Weakly supervised object localization (WSOL) methods allow training models to classify images and localize ROIs. WSOL only requires low-cost image-class annotations yet provides a visually interpretable classifier, which is important in histology image analysis. Standard WSOL methods rely on class activation mapping (CAM) methods to produce spatial localization maps according to a single- or two-step strategy. While both strategies have made significant progress, they still face several limitations with histology images. Single-step methods can easily result in under- or over-activation due to the limited visual ROI saliency in histology images and the limited localization cues. They also face the well-known issue of asynchronous convergence between classification and localization tasks. The two-step approach is sub-optimal because it is tied to a frozen classifier, limiting the capacity for localization. Moreover, these methods also struggle when applied to out-of-distribution (OOD) datasets. In this paper, a multi-task approach for WSOL is introduced for simultaneous training of both tasks to address the asynchronous convergence problem. In particular, localization is performed in the pixel-feature space of an image encoder that is shared with classification. This allows learning discriminant features and accurate delineation of foreground/background regions to support ROI localization and image classification. We propose PixelCAM, a cost-effective foreground/background pixel-wise classifier in the pixel-feature space that allows for spatial object localization. PixelCAM is trained using pixel pseudo-labels collected from a pretrained WSOL model. Both image and pixel-wise classifiers are trained simultaneously using standard gradient descent. In addition, our pixel classifier can easily be integrated into CNN- and transformer-based architectures without any modifications.

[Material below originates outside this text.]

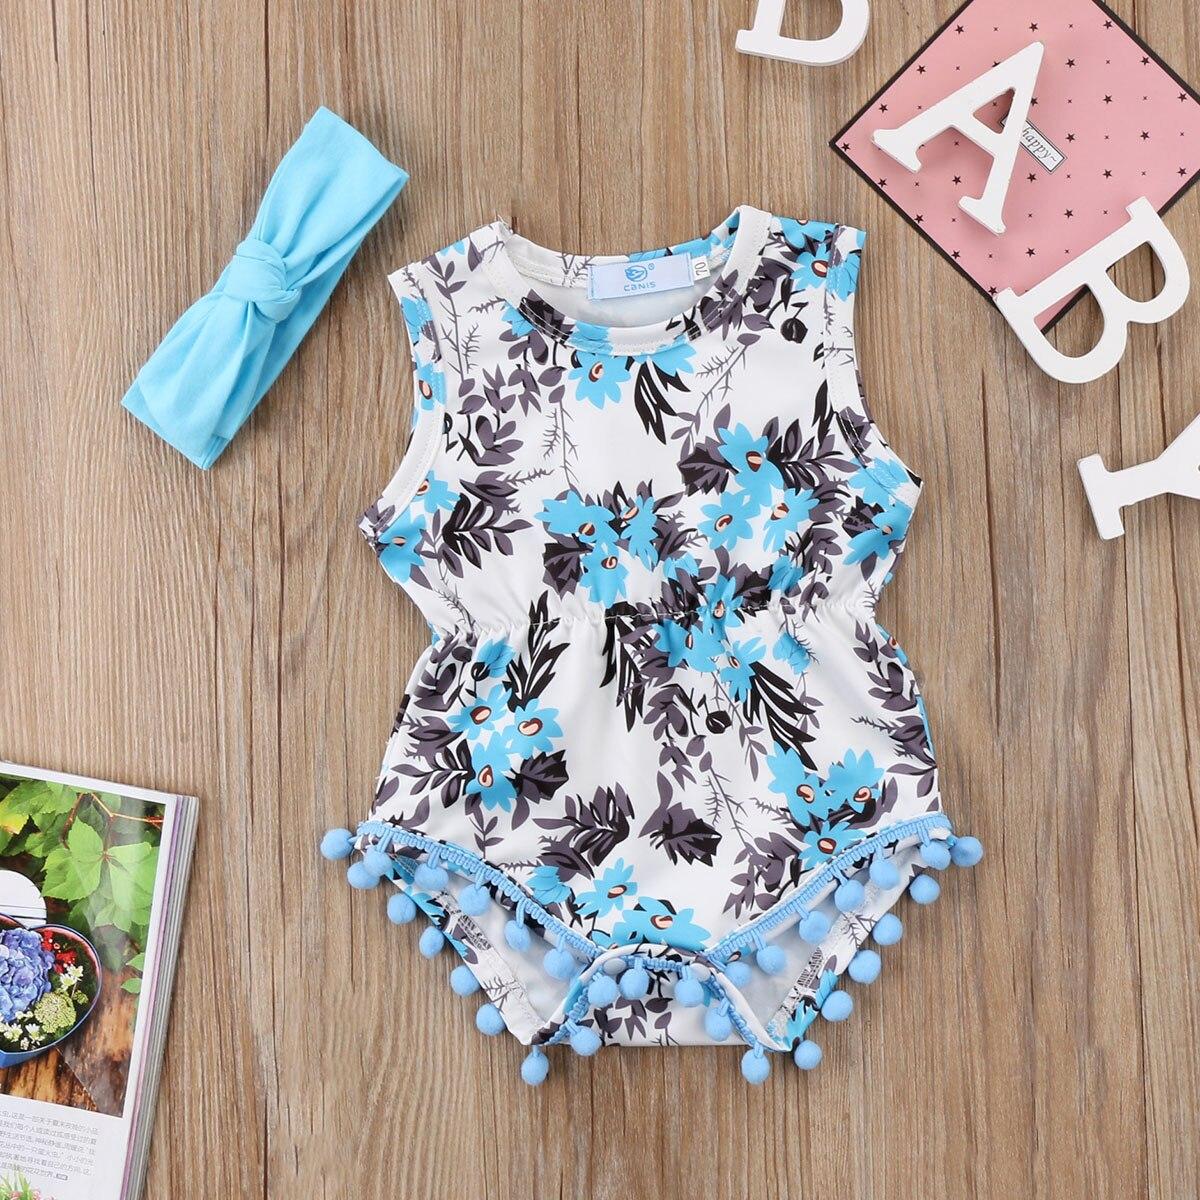 Для новорожденных детская одежда для девочек цветочный комбинезон повязка комбинезон богемном стиле комплект одежды 0-24 м

Source-Free Domain Adaptation of Weakly-Supervised Object Localization Models for Histology

Given the emergence of deep learning, digital pathology has gained popularity for cancer diagnosis based on histology images. Deep weakly supervised object localization (WSOL) models can be trained to classify histology images according to cancer grade and identify regions of interest (ROIs) for interpretation, using inexpensive global image-class annotations. A WSOL model initially trained on some labeled source image data can be adapted using unlabeled target data in cases of significant domain shifts caused by variations in staining, scanners, and cancer type. In this paper, we focus on source-free (unsupervised) domain adaptation (SFDA), a challenging problem where a pre-trained source model is adapted to a new target domain without using any source domain data for privacy and efficiency reasons. SFDA of WSOL models raises several challenges in histology, most notably because they are not intended to adapt for both classification and localization tasks. In this paper, 4 state-of-the-art SFDA methods, each one representative of a main SFDA family, are compared for WSOL in terms of classification and localization accuracy. They are the SFDA-Distribution Estimation, Source HypOthesis Transfer, Cross-Domain Contrastive Learning, and Adaptively Domain Statistics Alignment. Experimental results on the challenging Glas (smaller, breast cancer) and Camelyon16 (larger, colon cancer) histology datasets indicate that these SFDA methods typically perform poorly for localization after adaptation when optimized for classification.